The court’s 14 justices, as members of a society whose goals and values they share, are not immune from either the fear or the self-interest common to the Jewish public. This was neatly illustrated in a hearing before the court to stop “targeted killings” in January 2002. Before rejecting the petition, Justice Michael Cheshin—on a three-person panel—expressed a vested interest in wanting the policy of assassinations to continue if it meant his son, who was serving in the army, did not have to venture into dangerous areas to make arrests. “My son goes into that [Palestinian] territory and I don’t want to endanger him,” he told the human rights lawyers.
Although opinion polls show the public holds the court in high regard, it holds the military in even higher esteem. The public is unlikely to support negative rulings on the army’s behavior. The Supreme Court’s chief justice, Aharon Barak, has implicitly acknowledged this fact, writing that the court “must take into account the social consensus.” Also, the activism often ascribed to the court in the domestic sphere—judgments applying to Israeli citizens only—has earned it a reputation from the Israeli right as a bastion of depraved liberalism.

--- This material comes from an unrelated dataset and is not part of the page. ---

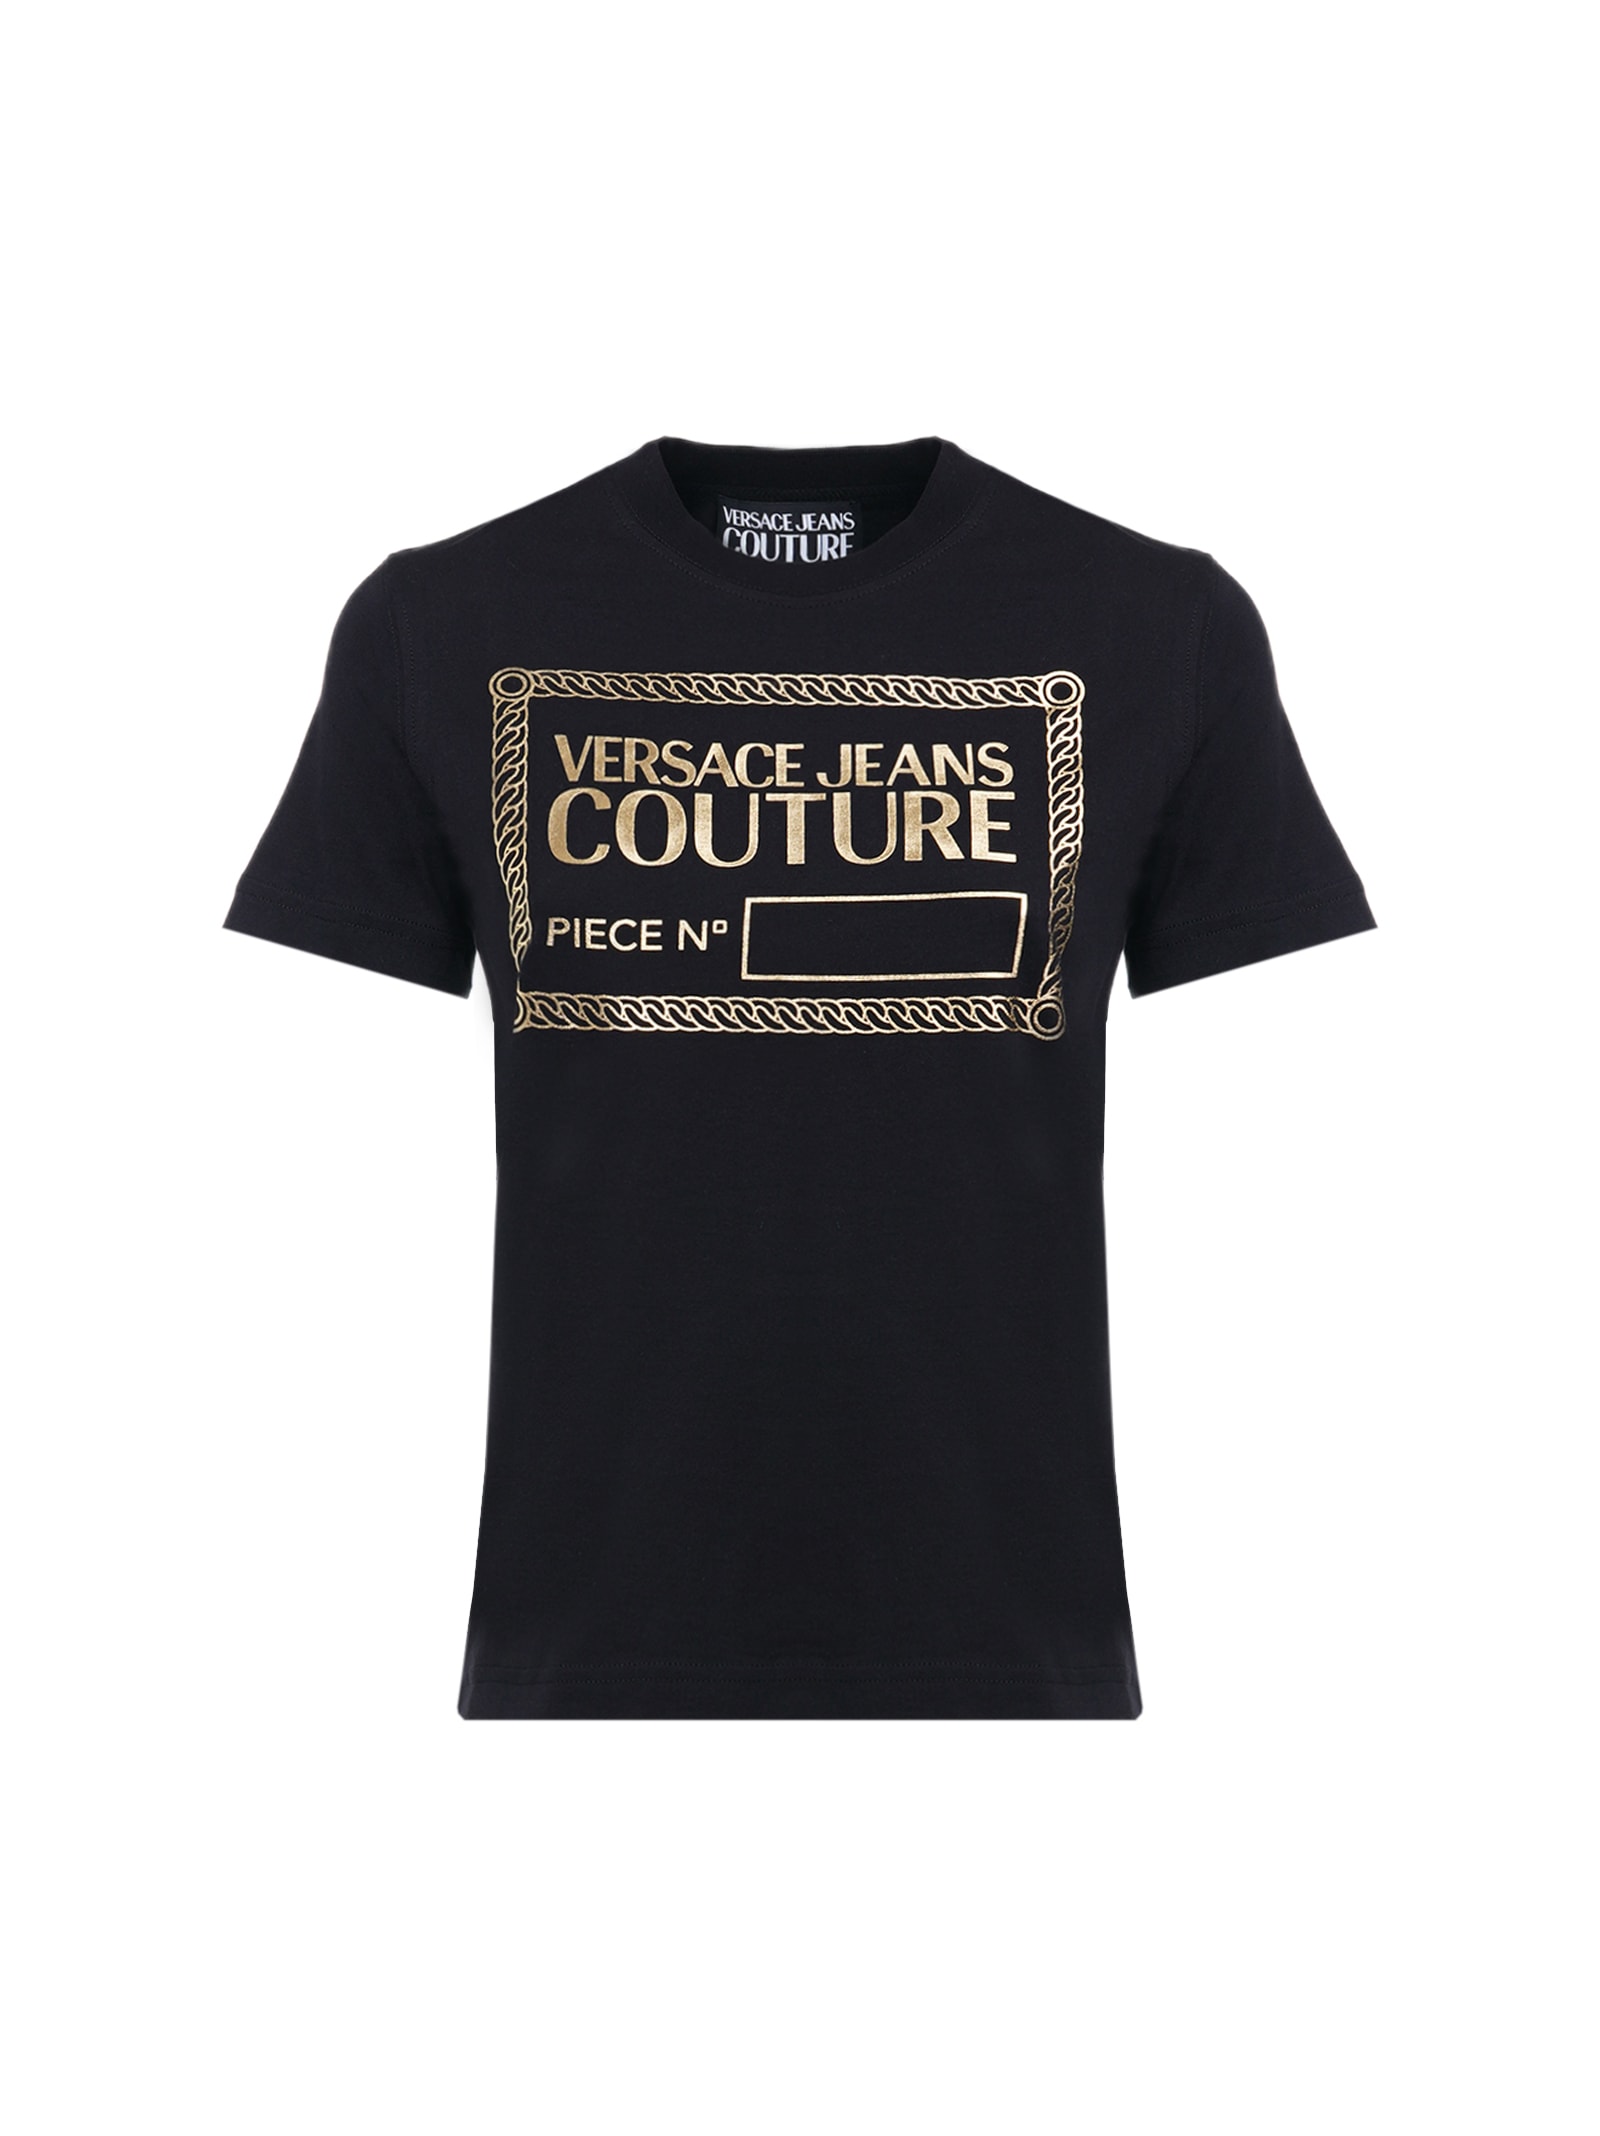 Versace Jeans Couture T-shirt With Nr Piece Lamina Print

The court endures periodic threats to replace it with a more populist Constitutional Court, which would be at least partly chosen by politicians. Controversial interference by the court in the Occupied Territories would doubtless build pressure for its dissolution.
Most importantly, the court has dutifully accepted the Zionist premise that Israel’s state interests have primacy over all other considerations, including, apparently, international law. In disputes between the state and the Palestinians, the court is not and cannot be neutral. So when the state deploys the argument that a specific policy is necessary for Israel’s security, the court is almost duty-bound to agree, whatever the evidence. As Kretzmer observes, “The dominant narrative holds that the state is being attacked, the authorities are trying to protect it and the ultimate duty of the court is to assist them in this task.” Cases submitted to protect Palestinian human rights, therefore, are more likely to test the judiciary’s nerve or its ideological assumptions than legal principles.